After talks by Joe Lucia, Bob Molyneux and Joshua Ferraro we had a Q&A sessions at the VALE symposium. I’m going to put these in note format so that you can hopefully follow who said what:
Q: One person’s enhancement might be another person’s bug – how do you control that with open source?
A:
- Joe – the release process depends on who gets to commit final changes to the code base – the community needs to figure this out over time – not every enhancement necessarily has to be released to the common code base
- Josh – depends on the project – in the Koha community the community votes on a release manager and that manager gets to decide what’s included in the release
Q: Can you give us an example of what you mean by peer review process?
A:
- Joe – VuFind is a great example – the community is not large get – peer review is dependent on what works well among experts – academic versus non-academic is not an issue as it is in journal peer review
- Josh – two types of peer review – one from the user perspective and the other from the developer’s perspective
- Bob – it’s not a formal process like journals – it happens in the community by peers – but not an editorial board
Q: Can you explain more what kinds of staff changes need to be made to support open source?
A:
- Joe – staffing changes may be at the expense of some librarian positions – but it’s a necessity – it becomes the smart thing if you’re invested in your infrastructure – need to have a technological staff in house that can handle these new systems
- Josh – you have to have technologists involved – they don’t have to be in the library – but they have to be involved – no vendor lock in means you can start with a company and move on to supporting it yourself if you so choose
- Bob – library schools teach IT separate from the library people – you need to teach it both at the same time – there is no reason to have either or (like me) – there is no a critical mass of librarians with these skills because library schools are not turning them out – and this failure has occurred during the golden age of libraries – the patrons are beating their path to our door – but we don’t have the skills – it’s a shame that Josh had to to what he had to do in creating a company to ease his frustrations
Q: People are talking about the ILS going away, why are we developing something new if that’s the case?
A:
- Josh – circulation is not going away – acquisitions is not going away (whether it’s print or electronic materials – they have to be acquired in some way) – cataloging is not going away – these are core functions of the library – the only difference is that with the open-source ILS the community drives the innovation – the community decides what they need and the products are developed to meet those needs – this means we have a more timely product
- Bob (great analogy) – one author writes an article about a problem and then another librarian comes around reads it and sees something the first author missed and writes another article – and the original writers says “thank god – you figured it out” – it’s the many eyes theory (me: this is like my developing at Jenkins – i always had many eyes) – the open source ILS is a more valuable ILS because of this
Technorati Tags: open source, valenj, ils







This was such a great conference. I only wish there were a few demos of an open source ILS in action. It was great seeing the acquisition function but I was hoping to see a bit of circ and ILL from those who use such modules on a daily basis. I think more follow-up discussion, a part 2, if you will, would be welcome by many librarians. My humble 2 cents!
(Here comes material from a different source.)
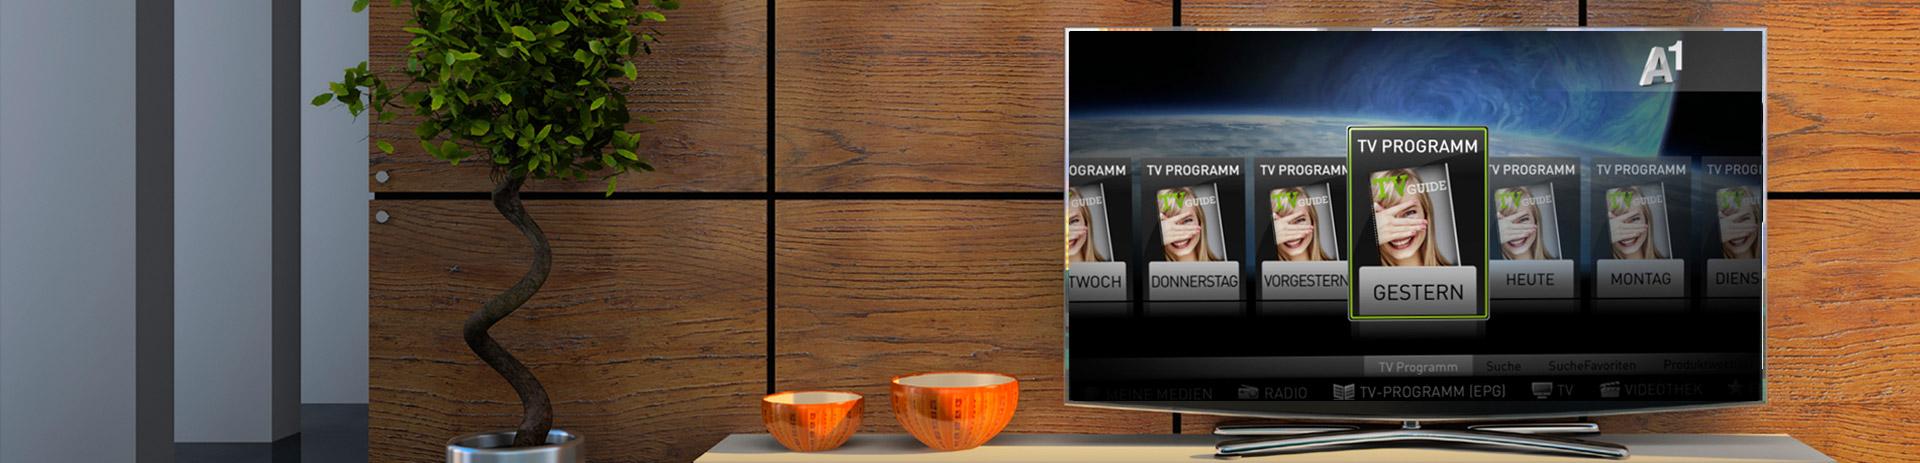 View Control: Online Videorecorder
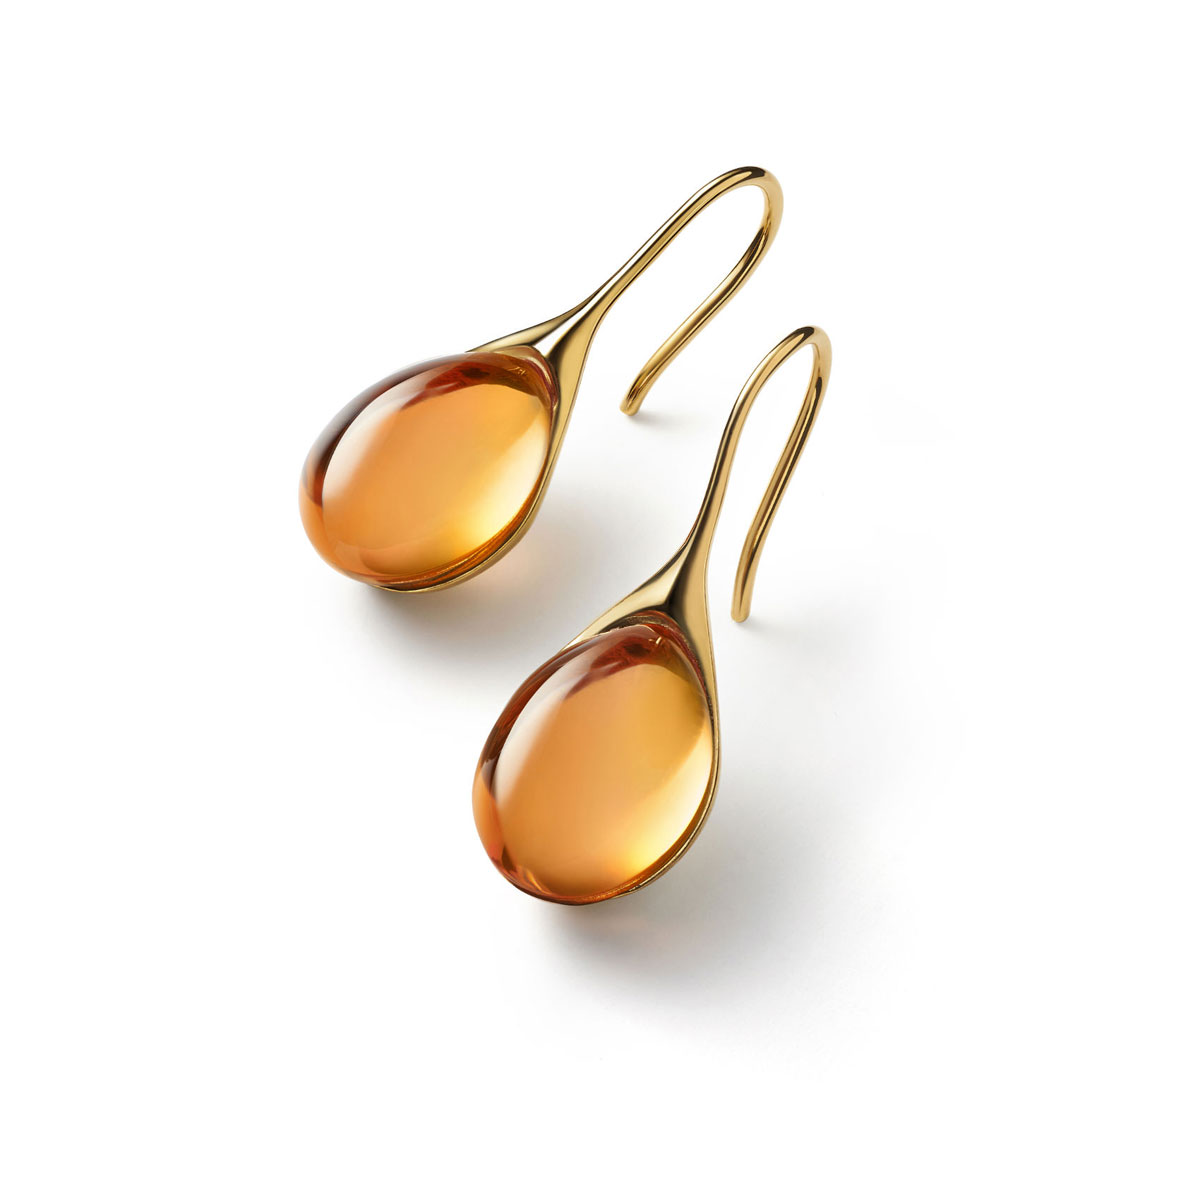 Baccarat Crystal Galea Wire Earrings Vermeil Gold Honey

Elle, you can demo the staff end of Koha on the LibLime site (keep in mind there is a new release coming soon). You can also call either company and ask for a web or live demo. If you were there, then I live in your area.
Thanks Nicole! I appreciate the offer. I’m going to take a closer look at evergreen, etc. I work as a virtual reference librarian and believe me when I tell you that online users are delighted with the functionality and choices offered by ILS systems such as waldo.
Hi Elle:
You can try out the Evergreen circulation and cataloging functions at http://demo.gapines.org – install the Evergreen staff client and use one of the preconfigured usernames / passwords to connect.
You can also use those usernames and passwords to connect to the OPAC and play around with bookbags, etc, to see what the patron experience is like.